## EXTRACTED MATERIAL:
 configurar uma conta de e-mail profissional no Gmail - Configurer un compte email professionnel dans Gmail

--

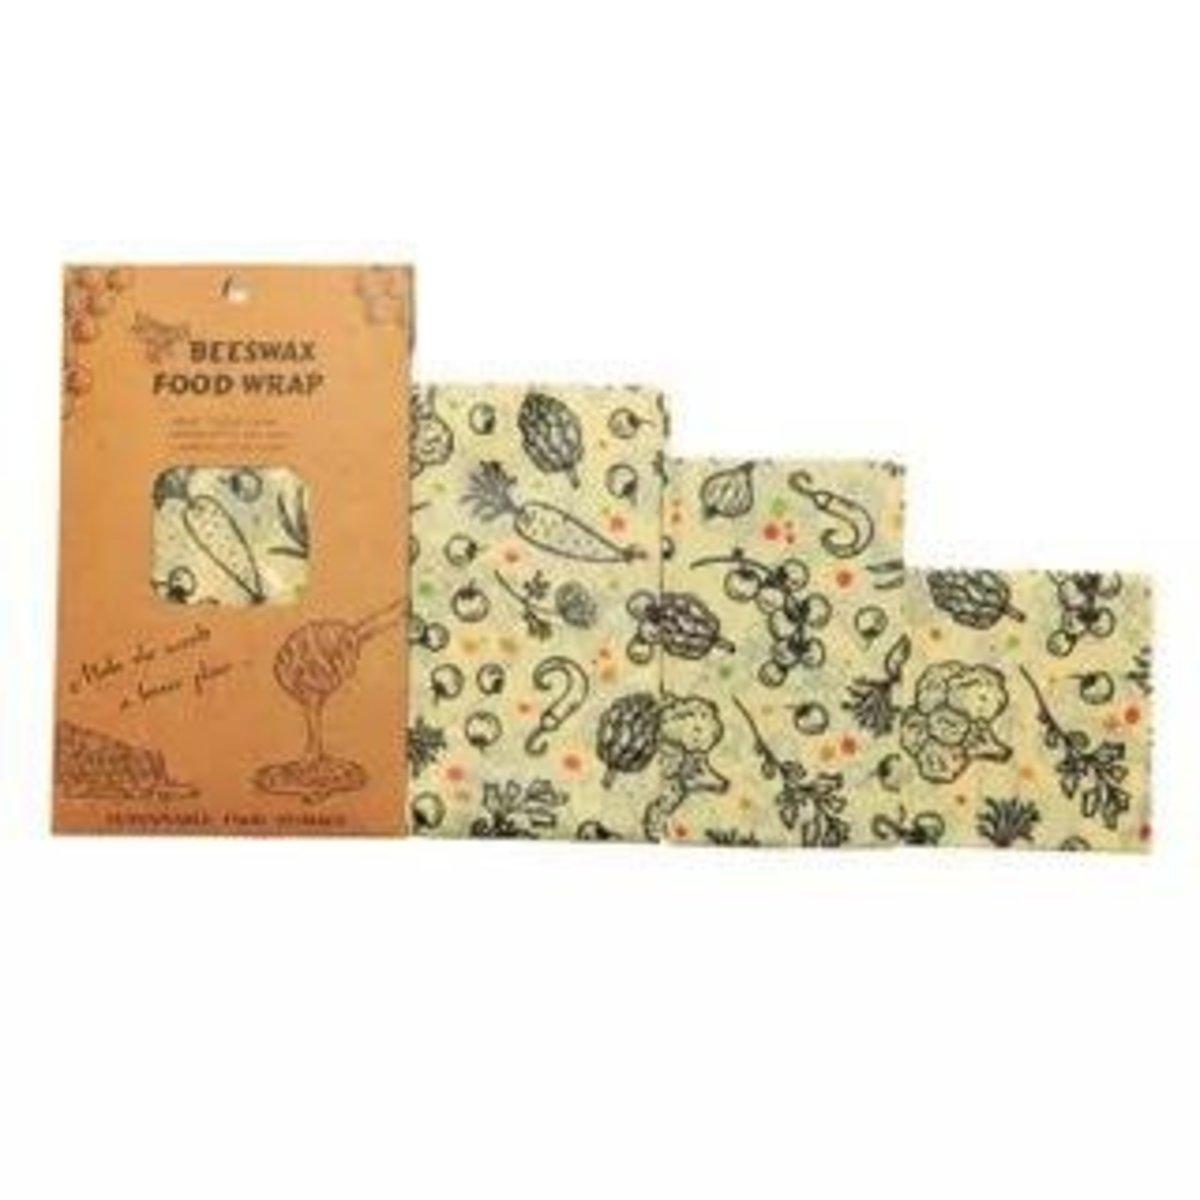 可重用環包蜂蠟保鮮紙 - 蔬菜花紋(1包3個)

---

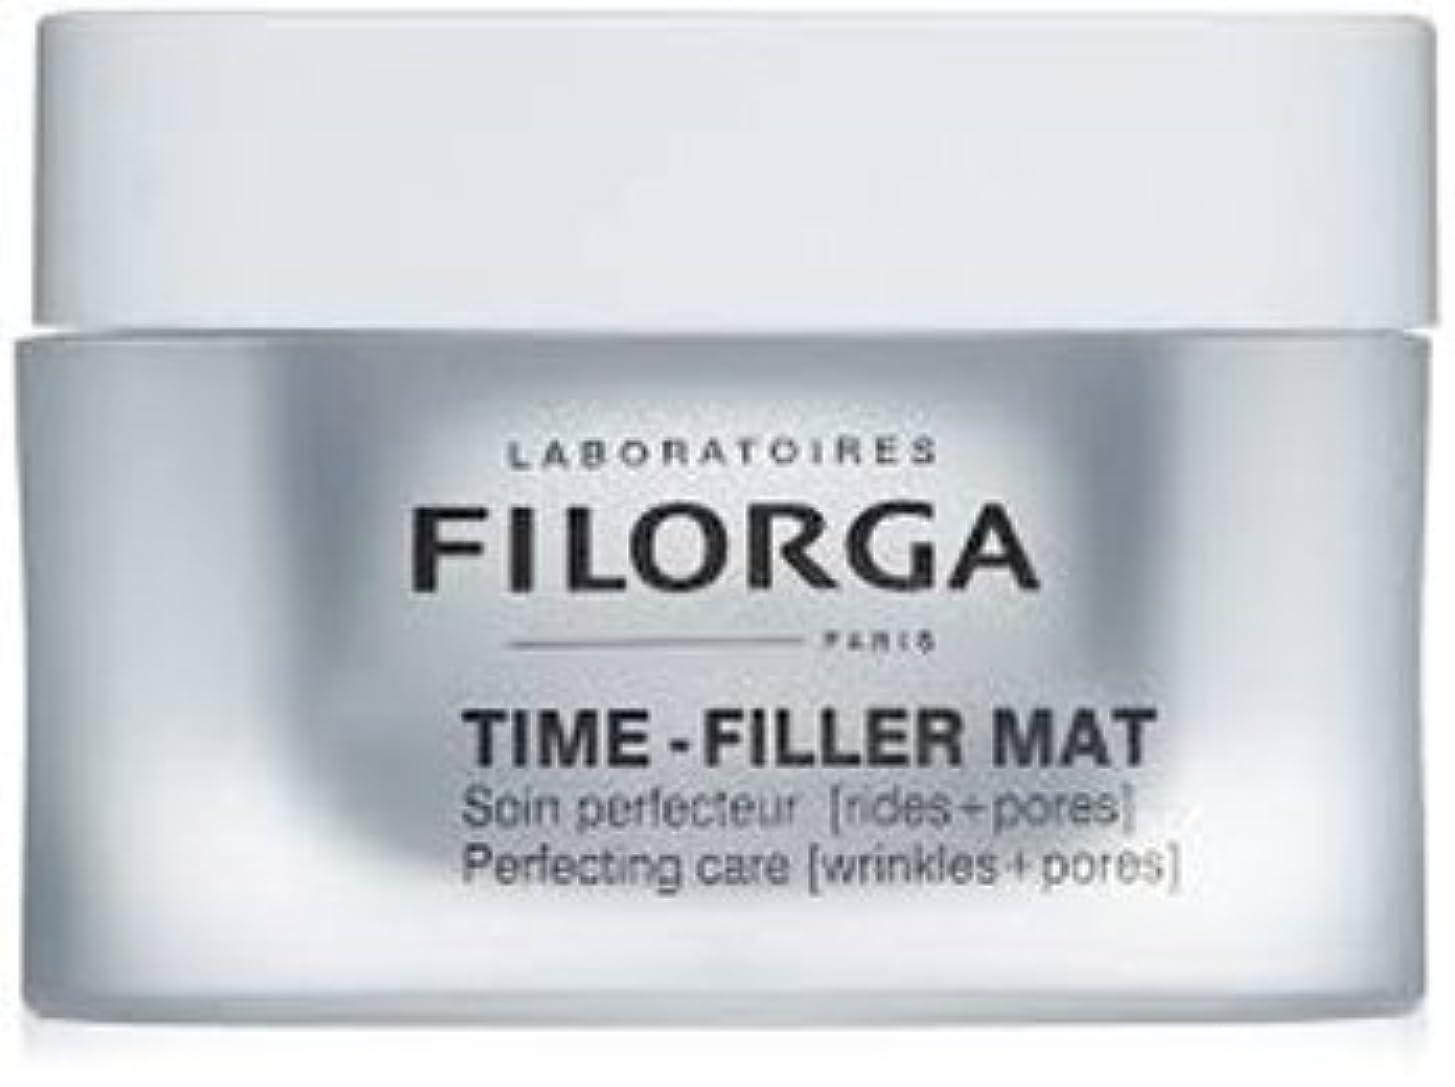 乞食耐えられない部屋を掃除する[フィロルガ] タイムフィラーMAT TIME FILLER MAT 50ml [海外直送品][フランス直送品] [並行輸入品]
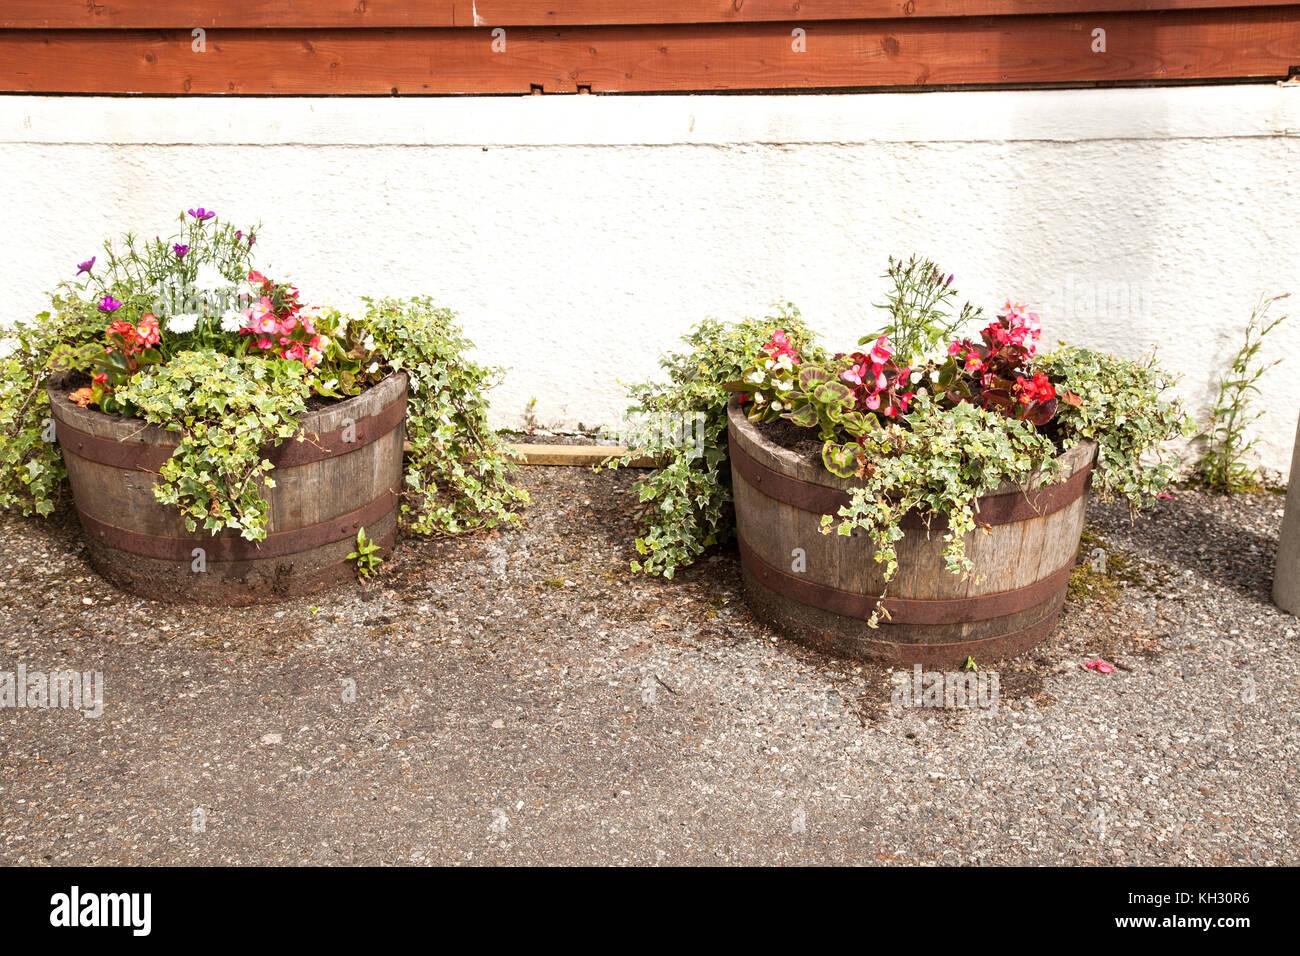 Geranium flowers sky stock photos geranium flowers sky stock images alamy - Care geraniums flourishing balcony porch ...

## YOUR OBJECTIVE:
Give back exactly the lines of the listing above from the one that contains "乞食耐えられない部屋を掃除する[フィロルガ] タイムフィラーMAT TIME" up to and including the one that contains "Geranium flowers sky stock photos", but not the pictures, and no other lines.

## EXPECTED ANSWER:
 乞食耐えられない部屋を掃除する[フィロルガ] タイムフィラーMAT TIME FILLER MAT 50ml [海外直送品][フランス直送品] [並行輸入品]
 Geranium flowers sky stock photos geranium flowers sky stock images alamy - Care geraniums flourishing balcony porch ...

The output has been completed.